:: The problem ::
Pictures are to be omitted; everything else in the data must be transcribed exactly.

:: Provided data ::
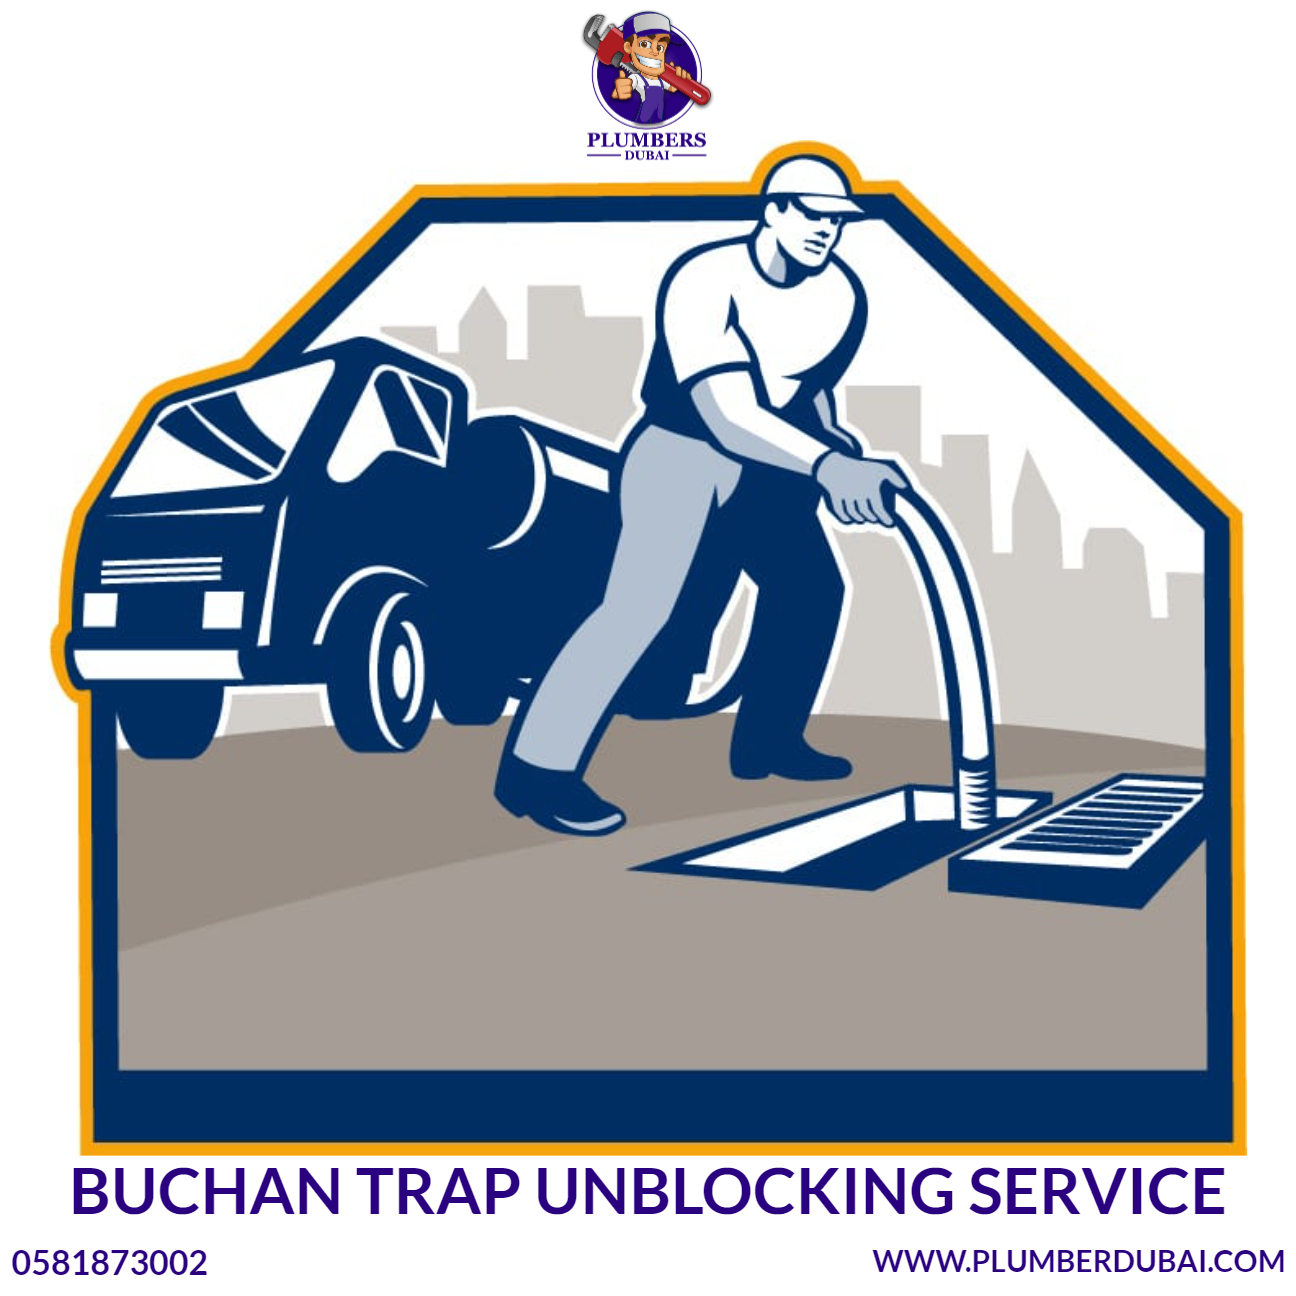 Buchan Trap Unblocking Service
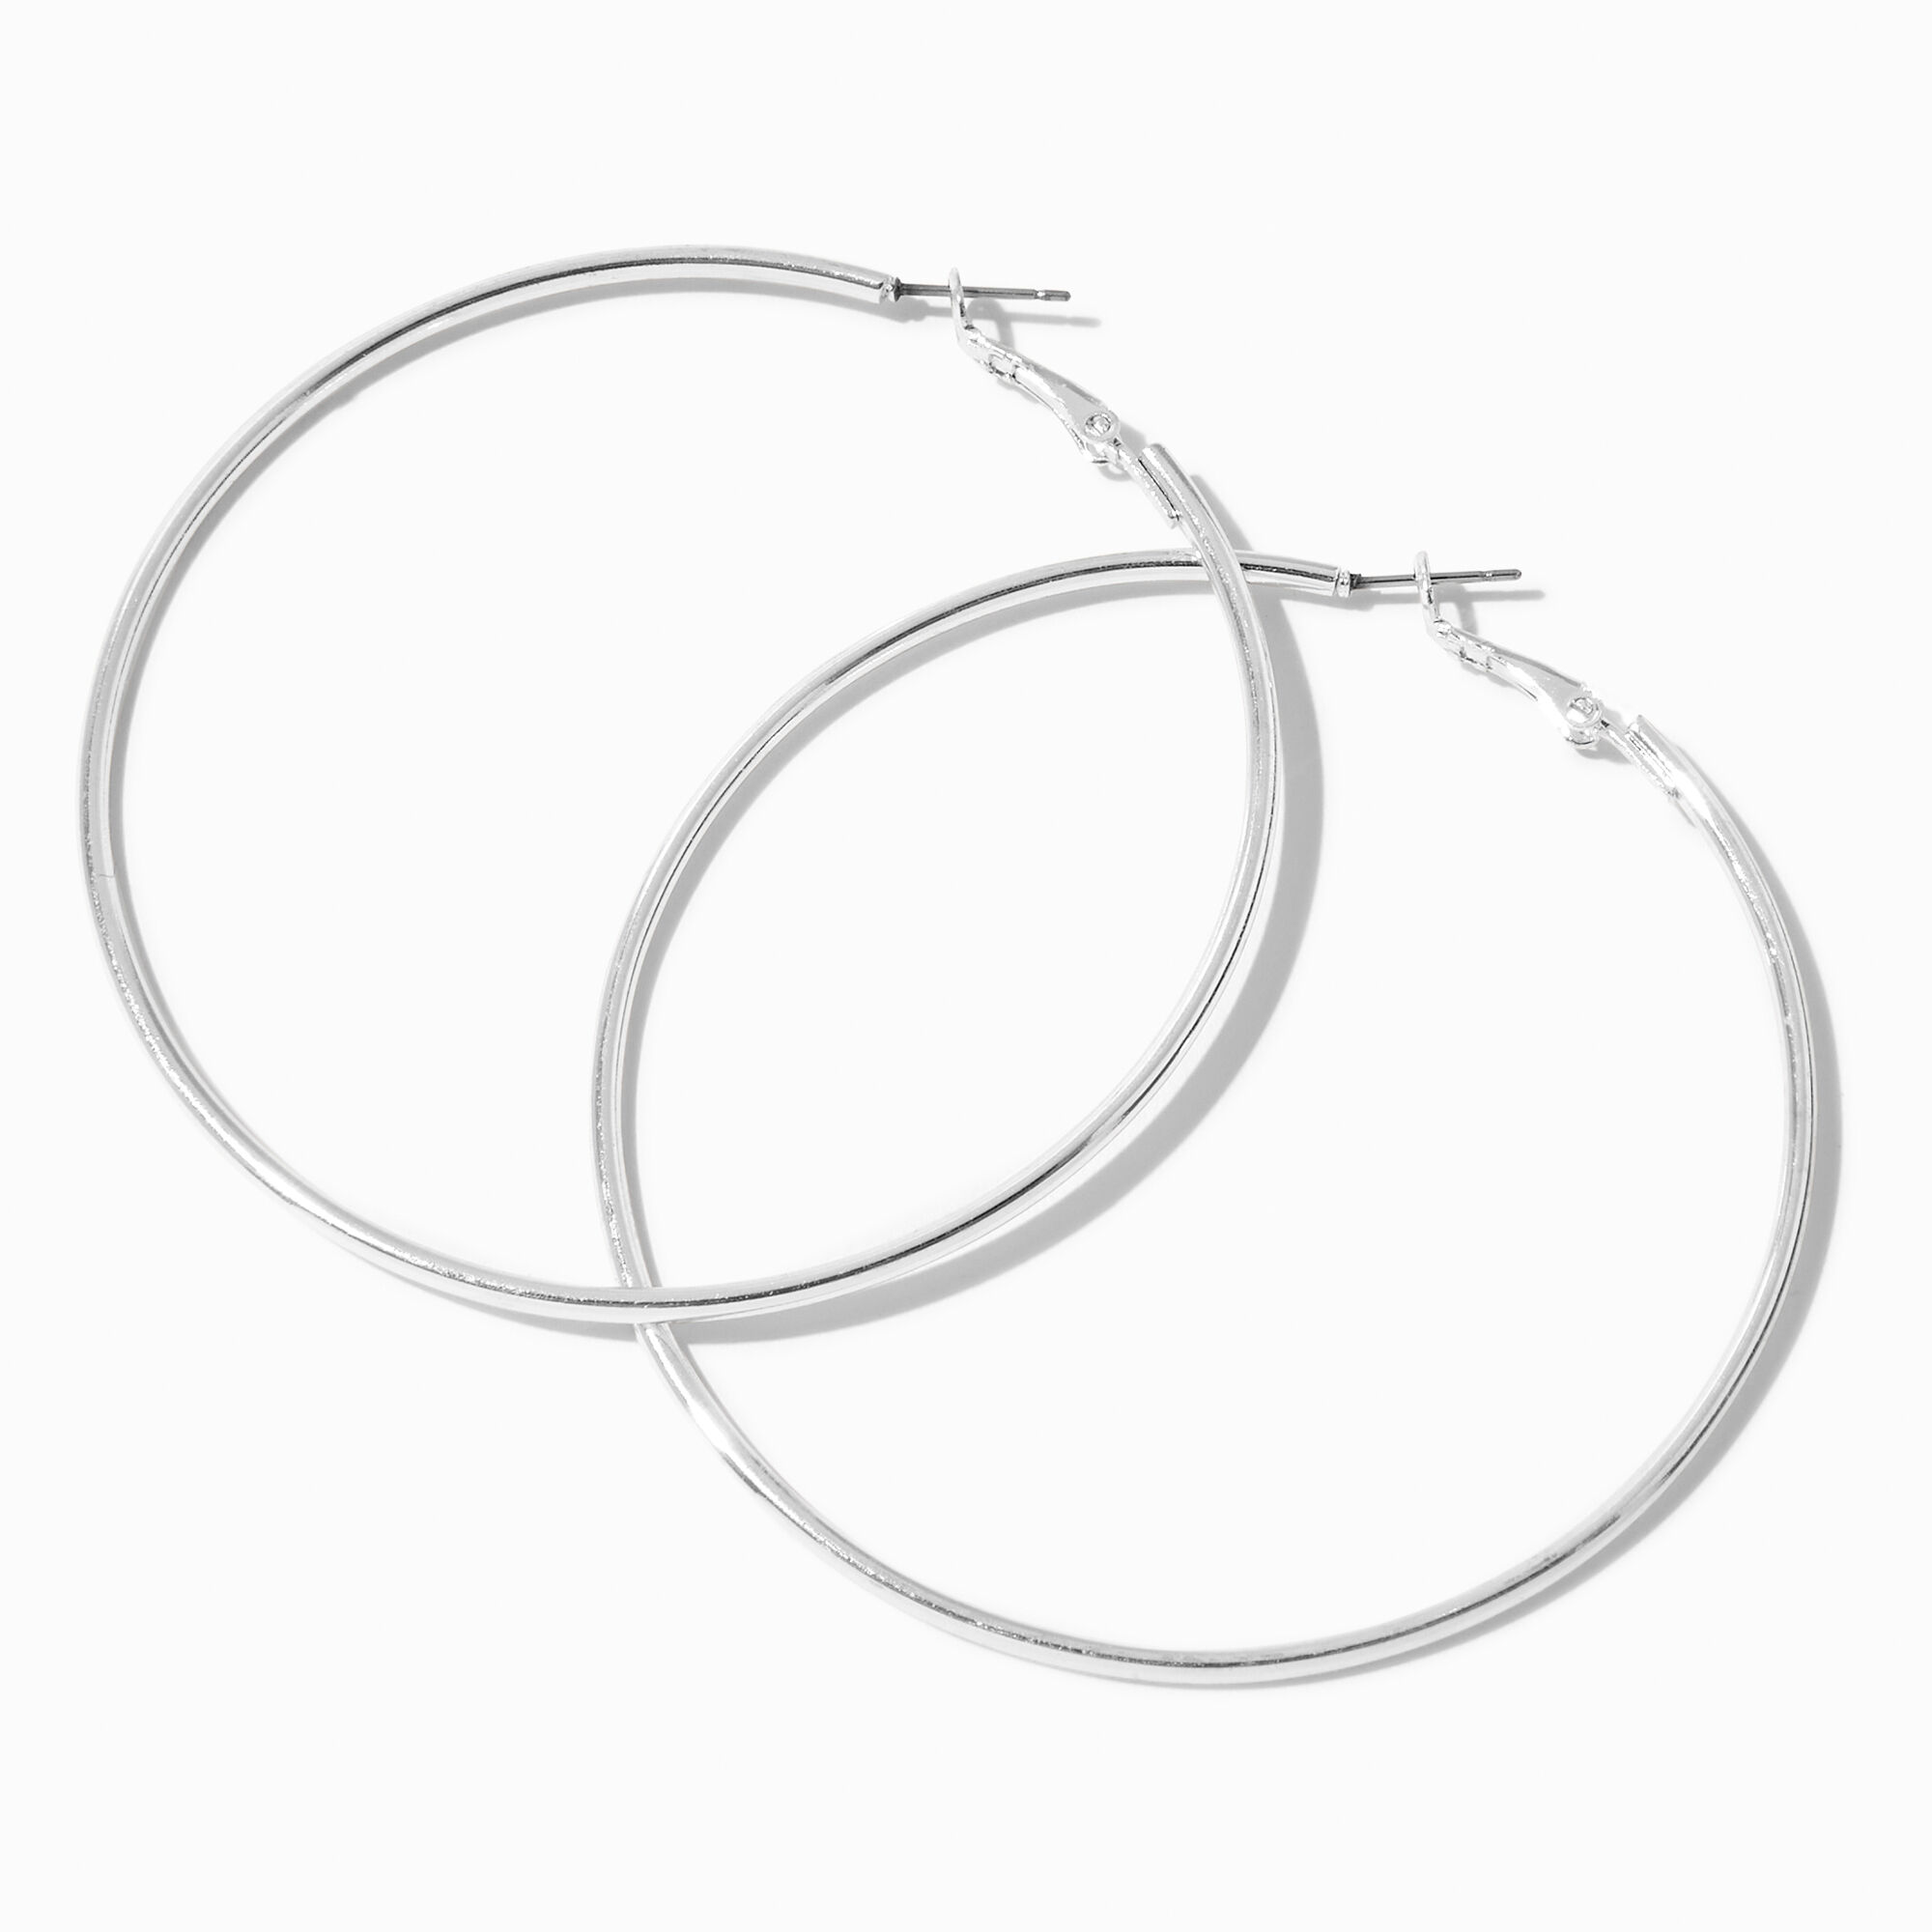 Silver 2mm by 70mm Hoop Earrings - Silver Jewellery Sales
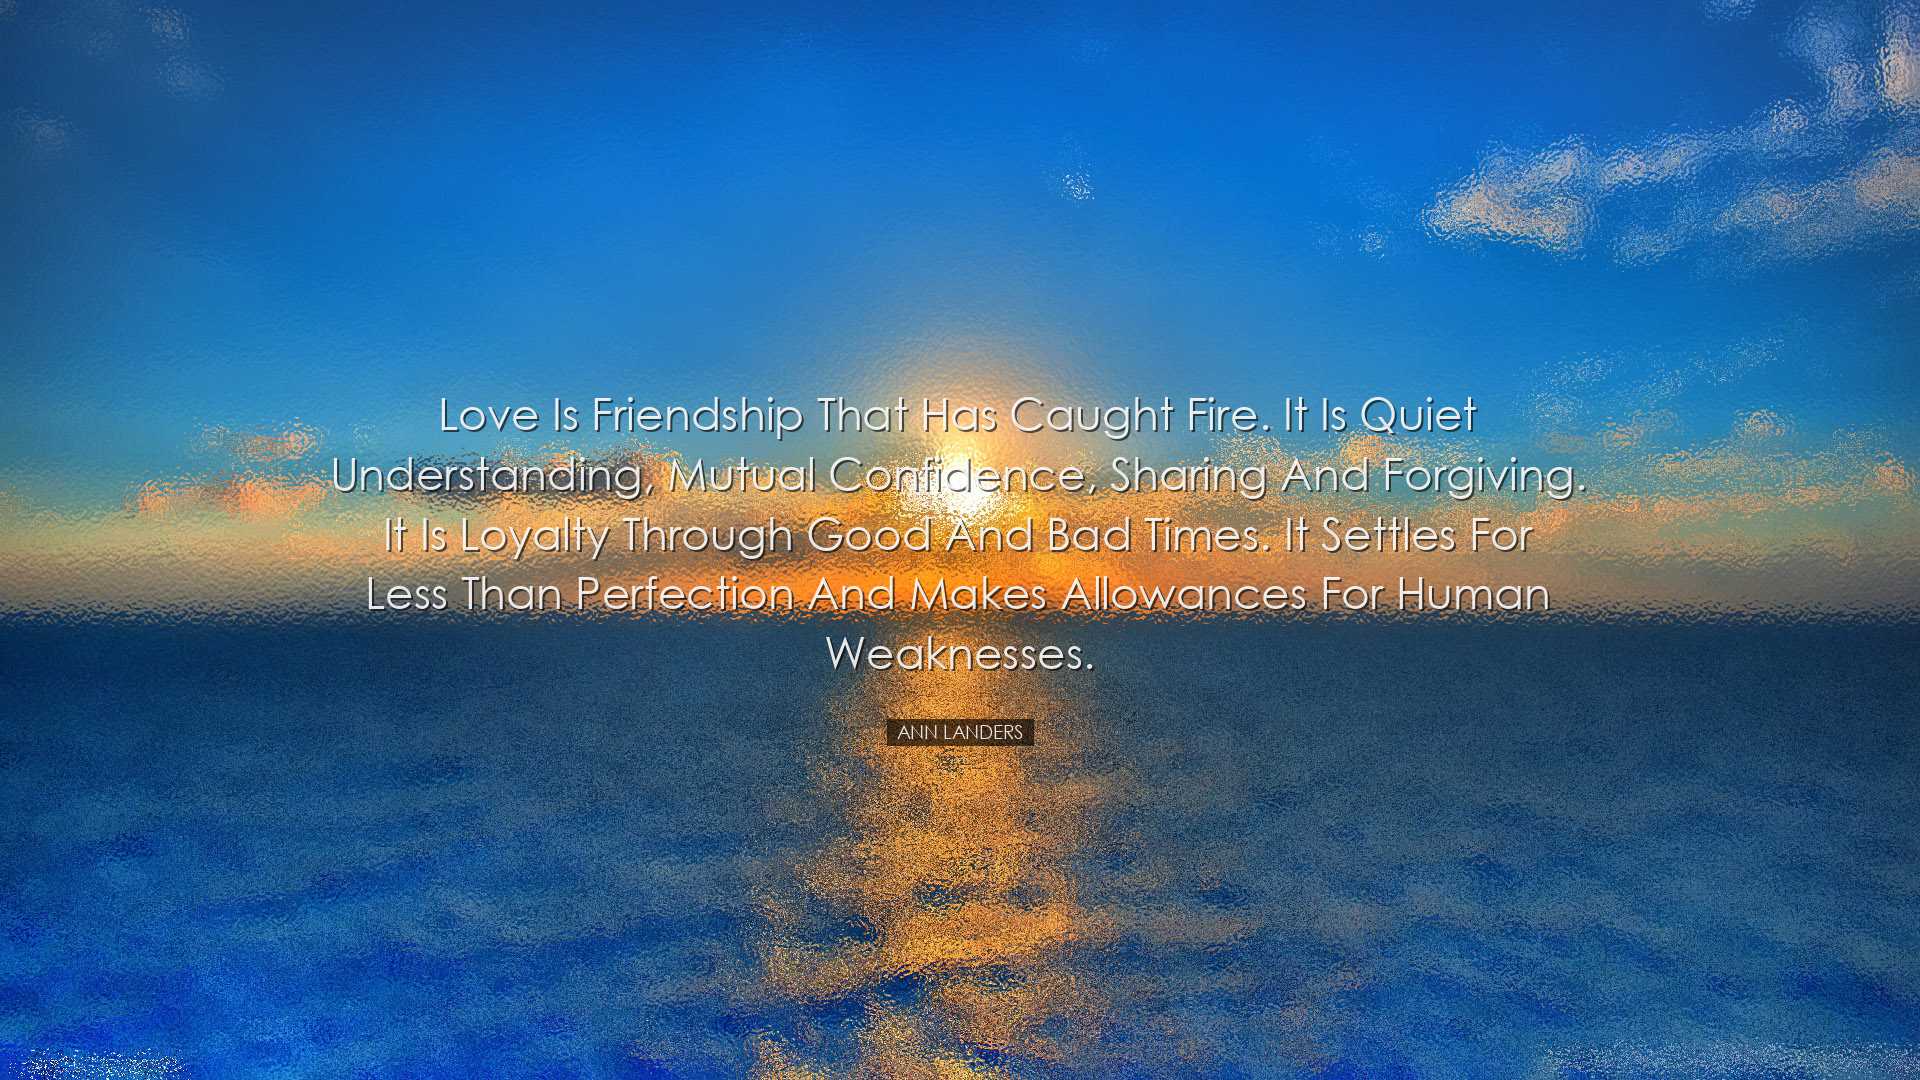 Love is friendship that has caught fire. It is quiet understanding

:: Task answer ::
 Buchan Trap Unblocking Service
 Silver 2mm by 70mm Hoop Earrings - Silver Jewellery Sales
 Love is friendship that has caught fire. It is quiet understanding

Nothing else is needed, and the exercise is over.